Section 6.03. Milestone Payments. (a) Subject to Section 6.03(b), with respect to each RNAi Product as to which Arrowhead or any of its Affiliates, on the one hand, and Novartis or any of its Affiliates, on the other hand, have not entered into an Out-License pursuant to Section 6.01, Arrowhead shall pay Novartis the following amounts in accordance with Section 6.03(b) following the achievement of the following development and annual sales milestones (it being agreed that the following annual sales milestones will be determined on a calendar year basis):
(1)RNAi Products directed to each Initial Target
(A) Development Milestones for each Initial Target
Milestone
Payment ($US)
Each Category 1 Target
Each Category 2 Target
Initiate Phase 2 Clinical Trial
$[***]
$[***]
Initiate Phase 3 Clinical Trial
$[***]
$[***]
Obtain Regulatory Approval in the United States
$[***]
$[***]
Obtain a second Regulatory Approval
$[***]
$[***]
(B) Sales Milestones for each Initial Target
Annual Net Sales ($US)
Payment ($US)
Each Category 1 Target
Each Category 2 Target
$[***]
$[***]
$[***]
$[***]
$[***]
$[***]
$[***]
$[***]
$[***]
(2) RNAi Products directed to each New Target
(A)
Development Milestones for each New Target
Milestone
Payment ($US)
Initiate Phase 1 Clinical Trial
$[***]
Initiate Phase 2 Clinical Trial
$[***]
Initiate Phase 3 Clinical Trial
$[***]
Obtain Regulatory Approval in the United States
$[***]
Obtain a second Regulatory Approval
$[***]
(B) Sales Milestones for each New Target
Annual Net Sales ($US)
Payment ($US)
$[***]
$[***]
$[***]
$[***]
$[***]
$[***]
(b) Within [***] days after the achievement of any of the development milestones set forth in Section 6.03(a), Arrowhead shall notify Novartis thereof and shall pay the amounts due hereunder on. Within [***] days after the end of the first calendar quarter in which each sales milestone set forth in Section 6.03(a) is achieved, Arrowhead shall notify Novartis thereof and shall pay the amount due for such milestone hereunder on an RNAi Product-by-RNAi Product basis.
Section 6.04. Diligence; Development and Commercialization Reports.
(a) Diligence. Arrowhead shall use Commercially Reasonable Efforts: (i) to research and develop RNAi Products and obtain Regulatory Approvals for such RNAi Products in the RNAi Field; and (ii) to commercialize each RNAi Product in each country in which it receives Regulatory Approval.
(b) Development and Commercialization Reports. Arrowhead shall keep Novartis reasonably informed as to the progress of its and its Affiliates’ development and commercialization activities under this Agreement. Arrowhead shall provide Novartis with a written report within [***] ([***]) days after the end of each calendar year during the term of this Agreement which summaries the development and commercialization activities performed in the proceeding [***] ([***]) months, including a summary of the results of such development and commercialization activities, provided that Arrowhead shall provide written updates during such calendar year following a material change to such development and commercialization activities described in such report. Information contained in the reports as described in this Section 6.04(b) shall be considered to be Confidential Information of Arrowhead and may only be used for the purpose of confirming compliance with Section 6.04(a). Arrowhead shall promptly respond to Novartis’ reasonable questions or requests for additional clarification relating to such development and commercialization activities.
Section 6.05. Financial Records and Audit; Late Payments.

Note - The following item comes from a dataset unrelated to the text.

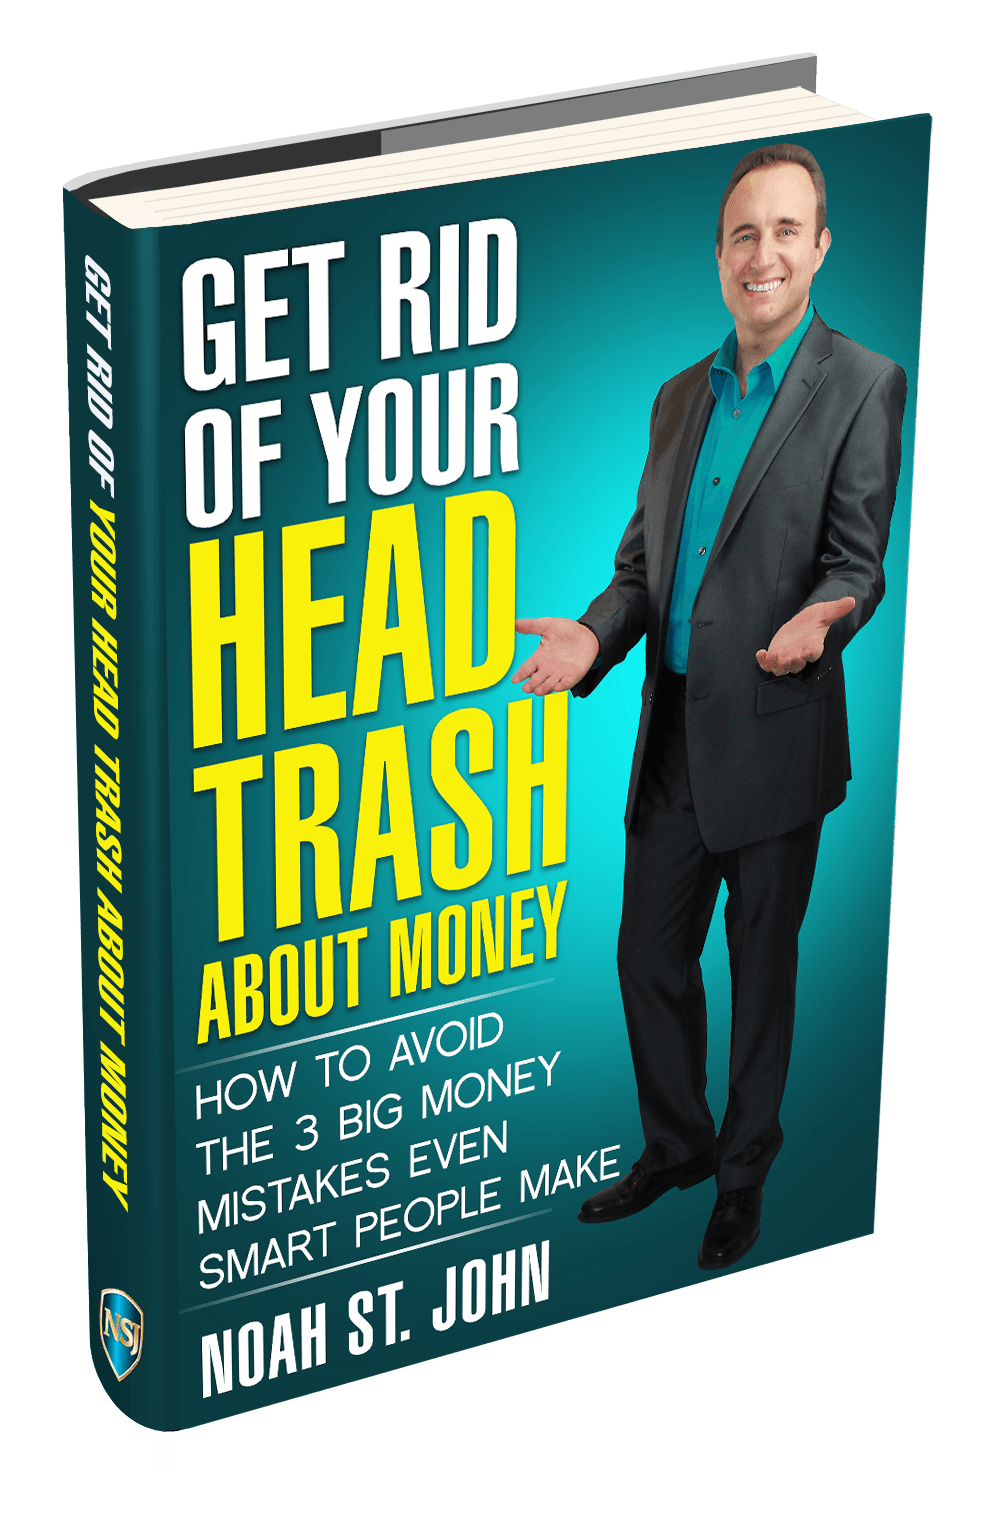 Noah St John - Get Rid of Your Head Trash About Money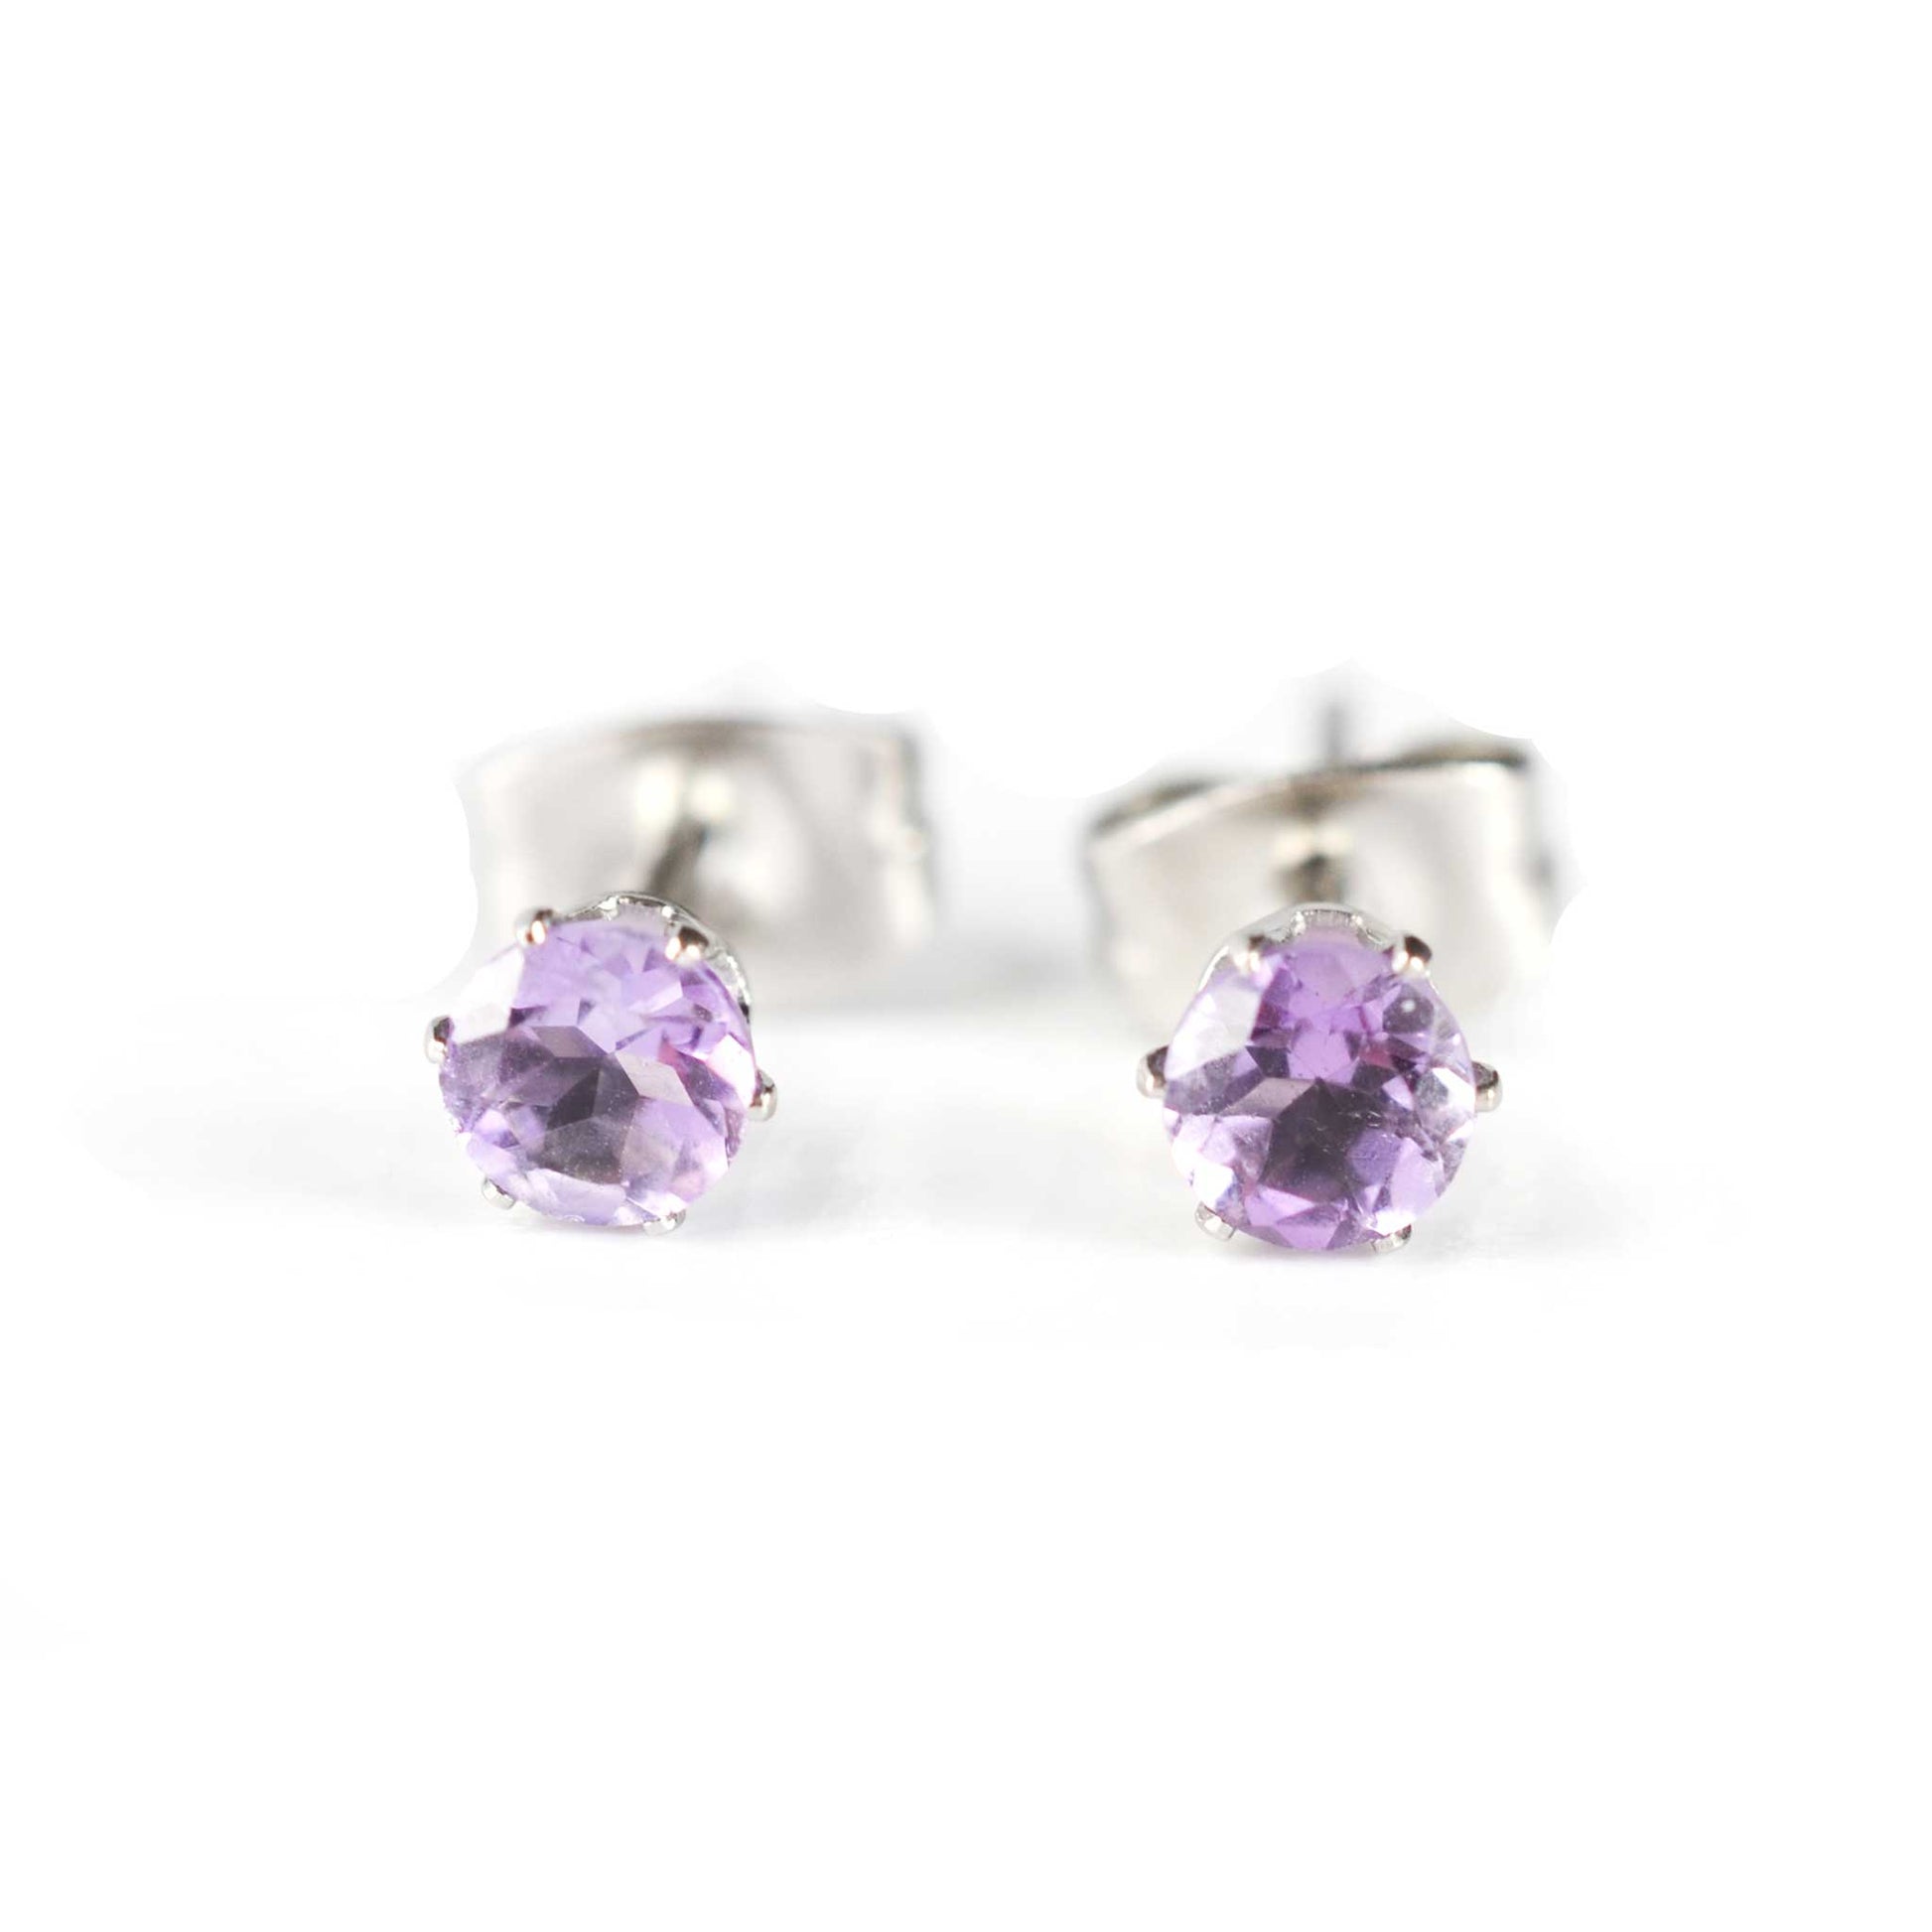 Front view of tiny purple faceted Amethyst stud earrings on white background

(a) Arrowhead shall, and shall cause its Affiliates and sublicensees to, maintain complete and accurate records in sufficient detail to permit Novartis to confirm the royalty and milestone payments payable under this Agreement and to verify the achievement of milestone events under this Agreement. Upon reasonable prior notice, such records shall be open during regular business hours at such place or places where such records are customarily kept for a period of three (3) years following the calendar year to which they pertain. Such inspection right shall not be exercised more often than once in any calendar year and not more frequently than once with respect to records covering any specific period of time, by an internationally recognized and independent certified public accountant selected by Novartis and reasonably acceptable to Arrowhead for the sole purpose of verifying for Novartis the accuracy of the financial reports furnished by Arrowhead, its Affiliates and sublicensees pursuant to this Agreement or of any payments made, or required to be made, by or to Novartis pursuant to this Agreement. Any such auditor shall not disclose Arrowhead’s confidential information to Novartis, except to the extent such disclosure is necessary to verify the accuracy of the financial reports furnished by Arrowhead or the amount of payments to or by Arrowhead, its Affiliates and sublicensees under this Agreement. In the event that the final result of the inspection reveals an undisputed underpayment or overpayment, the underpaid or overpaid amount shall be settled within thirty (30) days after the Parties’ receipt of such final results. Novartis shall pay for such inspections, provided, that if an underpayment of more than five percent (5%) of the amount owed hereunder for the applicable period is discovered, the fees and expenses for such inspection/audit shall be paid by Arrowhead.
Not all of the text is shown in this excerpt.